Task brief:
Pull out of the data below the stretch of lines bounded by the one containing "Polskie atrakcje dla Ukrainy" and the one containing "Nuestros lectores opinan: Xbox", both bounds included, unchanged.

Data excerpts:
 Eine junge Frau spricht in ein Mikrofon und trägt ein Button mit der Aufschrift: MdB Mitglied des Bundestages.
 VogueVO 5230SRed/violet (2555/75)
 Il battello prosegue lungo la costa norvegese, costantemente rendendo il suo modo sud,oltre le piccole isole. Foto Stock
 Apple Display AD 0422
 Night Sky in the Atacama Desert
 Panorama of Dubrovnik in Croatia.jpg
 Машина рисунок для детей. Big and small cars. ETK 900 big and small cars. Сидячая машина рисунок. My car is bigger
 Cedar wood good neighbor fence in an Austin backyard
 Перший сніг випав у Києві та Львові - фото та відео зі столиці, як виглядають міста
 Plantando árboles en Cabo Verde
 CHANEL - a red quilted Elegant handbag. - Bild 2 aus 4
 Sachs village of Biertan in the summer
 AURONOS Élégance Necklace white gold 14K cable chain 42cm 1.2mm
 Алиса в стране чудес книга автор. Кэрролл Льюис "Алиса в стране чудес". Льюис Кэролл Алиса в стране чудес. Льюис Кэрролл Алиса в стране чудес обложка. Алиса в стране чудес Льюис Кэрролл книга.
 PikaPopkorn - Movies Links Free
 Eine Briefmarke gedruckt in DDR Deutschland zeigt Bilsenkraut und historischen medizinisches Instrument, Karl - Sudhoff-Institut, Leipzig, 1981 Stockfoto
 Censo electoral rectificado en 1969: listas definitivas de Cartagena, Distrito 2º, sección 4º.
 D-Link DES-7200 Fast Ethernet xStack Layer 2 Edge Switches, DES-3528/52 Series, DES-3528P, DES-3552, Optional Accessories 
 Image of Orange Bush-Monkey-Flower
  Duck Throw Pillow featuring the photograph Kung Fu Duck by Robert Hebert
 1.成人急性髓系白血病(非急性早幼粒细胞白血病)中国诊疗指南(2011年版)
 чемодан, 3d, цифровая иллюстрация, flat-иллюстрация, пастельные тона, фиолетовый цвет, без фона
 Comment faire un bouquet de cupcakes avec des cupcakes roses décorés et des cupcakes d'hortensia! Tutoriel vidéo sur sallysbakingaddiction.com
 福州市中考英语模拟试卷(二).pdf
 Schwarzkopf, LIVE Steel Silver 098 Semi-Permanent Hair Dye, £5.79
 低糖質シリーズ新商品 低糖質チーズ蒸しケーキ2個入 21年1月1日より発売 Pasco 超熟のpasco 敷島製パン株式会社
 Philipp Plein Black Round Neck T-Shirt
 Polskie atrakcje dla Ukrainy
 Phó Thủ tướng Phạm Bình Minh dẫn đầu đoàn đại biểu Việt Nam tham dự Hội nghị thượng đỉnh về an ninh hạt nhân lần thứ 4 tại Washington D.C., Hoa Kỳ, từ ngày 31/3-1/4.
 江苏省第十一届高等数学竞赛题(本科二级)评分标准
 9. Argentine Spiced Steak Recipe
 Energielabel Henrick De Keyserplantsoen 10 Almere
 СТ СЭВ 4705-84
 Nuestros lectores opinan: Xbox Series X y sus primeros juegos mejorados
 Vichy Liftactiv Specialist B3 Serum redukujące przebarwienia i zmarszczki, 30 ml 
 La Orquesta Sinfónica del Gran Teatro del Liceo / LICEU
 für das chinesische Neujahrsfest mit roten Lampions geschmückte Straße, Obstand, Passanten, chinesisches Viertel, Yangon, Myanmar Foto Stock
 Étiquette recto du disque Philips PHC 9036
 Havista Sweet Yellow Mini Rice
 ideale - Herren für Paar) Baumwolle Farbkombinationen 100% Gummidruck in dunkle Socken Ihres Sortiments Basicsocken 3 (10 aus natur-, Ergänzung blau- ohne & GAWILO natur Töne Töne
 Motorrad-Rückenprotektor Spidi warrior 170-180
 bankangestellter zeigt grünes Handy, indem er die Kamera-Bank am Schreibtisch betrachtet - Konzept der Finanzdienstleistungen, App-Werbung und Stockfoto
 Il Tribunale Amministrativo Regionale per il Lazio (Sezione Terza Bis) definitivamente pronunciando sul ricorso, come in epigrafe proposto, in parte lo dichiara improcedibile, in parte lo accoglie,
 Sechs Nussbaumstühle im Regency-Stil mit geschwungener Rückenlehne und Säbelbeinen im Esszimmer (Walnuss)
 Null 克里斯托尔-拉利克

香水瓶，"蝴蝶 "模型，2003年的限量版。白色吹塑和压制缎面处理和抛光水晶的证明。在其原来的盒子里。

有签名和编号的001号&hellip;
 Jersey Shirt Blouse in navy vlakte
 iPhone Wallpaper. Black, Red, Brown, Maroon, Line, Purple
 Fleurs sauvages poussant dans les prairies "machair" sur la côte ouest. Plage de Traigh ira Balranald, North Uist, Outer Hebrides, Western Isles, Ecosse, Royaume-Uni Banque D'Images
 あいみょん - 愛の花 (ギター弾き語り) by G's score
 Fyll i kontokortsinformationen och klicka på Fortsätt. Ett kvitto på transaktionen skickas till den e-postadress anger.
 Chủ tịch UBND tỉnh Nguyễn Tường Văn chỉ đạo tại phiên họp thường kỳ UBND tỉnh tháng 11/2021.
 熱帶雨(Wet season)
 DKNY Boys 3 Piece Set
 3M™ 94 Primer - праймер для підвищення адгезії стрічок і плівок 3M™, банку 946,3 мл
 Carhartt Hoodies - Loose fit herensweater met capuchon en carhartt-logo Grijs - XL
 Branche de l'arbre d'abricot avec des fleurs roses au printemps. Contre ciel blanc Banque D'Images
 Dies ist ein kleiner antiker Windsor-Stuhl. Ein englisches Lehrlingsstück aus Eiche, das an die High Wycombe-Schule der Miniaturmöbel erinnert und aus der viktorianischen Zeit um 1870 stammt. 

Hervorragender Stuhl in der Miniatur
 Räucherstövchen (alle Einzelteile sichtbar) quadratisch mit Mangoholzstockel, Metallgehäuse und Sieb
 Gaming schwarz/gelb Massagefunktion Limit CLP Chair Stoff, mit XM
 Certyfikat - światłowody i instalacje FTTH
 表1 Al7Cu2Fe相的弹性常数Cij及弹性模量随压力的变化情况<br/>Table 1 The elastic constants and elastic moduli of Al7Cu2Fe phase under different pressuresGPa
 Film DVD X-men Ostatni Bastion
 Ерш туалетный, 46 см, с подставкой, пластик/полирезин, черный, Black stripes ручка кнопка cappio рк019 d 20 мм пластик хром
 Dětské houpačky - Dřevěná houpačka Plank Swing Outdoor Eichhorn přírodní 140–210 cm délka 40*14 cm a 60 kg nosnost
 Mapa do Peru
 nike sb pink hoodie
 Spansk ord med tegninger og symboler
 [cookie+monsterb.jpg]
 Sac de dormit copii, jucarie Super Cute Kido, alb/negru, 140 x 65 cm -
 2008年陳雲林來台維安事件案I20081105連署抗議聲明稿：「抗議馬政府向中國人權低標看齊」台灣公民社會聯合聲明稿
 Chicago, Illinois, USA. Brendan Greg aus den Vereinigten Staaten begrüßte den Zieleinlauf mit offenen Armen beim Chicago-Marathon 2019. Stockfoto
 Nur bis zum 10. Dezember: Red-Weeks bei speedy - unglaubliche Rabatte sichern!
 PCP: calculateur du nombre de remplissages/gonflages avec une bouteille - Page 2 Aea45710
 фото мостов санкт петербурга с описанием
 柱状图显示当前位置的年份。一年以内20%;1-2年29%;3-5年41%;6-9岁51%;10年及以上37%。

Task solution:
 Polskie atrakcje dla Ukrainy
 Phó Thủ tướng Phạm Bình Minh dẫn đầu đoàn đại biểu Việt Nam tham dự Hội nghị thượng đỉnh về an ninh hạt nhân lần thứ 4 tại Washington D.C., Hoa Kỳ, từ ngày 31/3-1/4.
 江苏省第十一届高等数学竞赛题(本科二级)评分标准
 9. Argentine Spiced Steak Recipe
 Energielabel Henrick De Keyserplantsoen 10 Almere
 СТ СЭВ 4705-84
 Nuestros lectores opinan: Xbox Series X y sus primeros juegos mejorados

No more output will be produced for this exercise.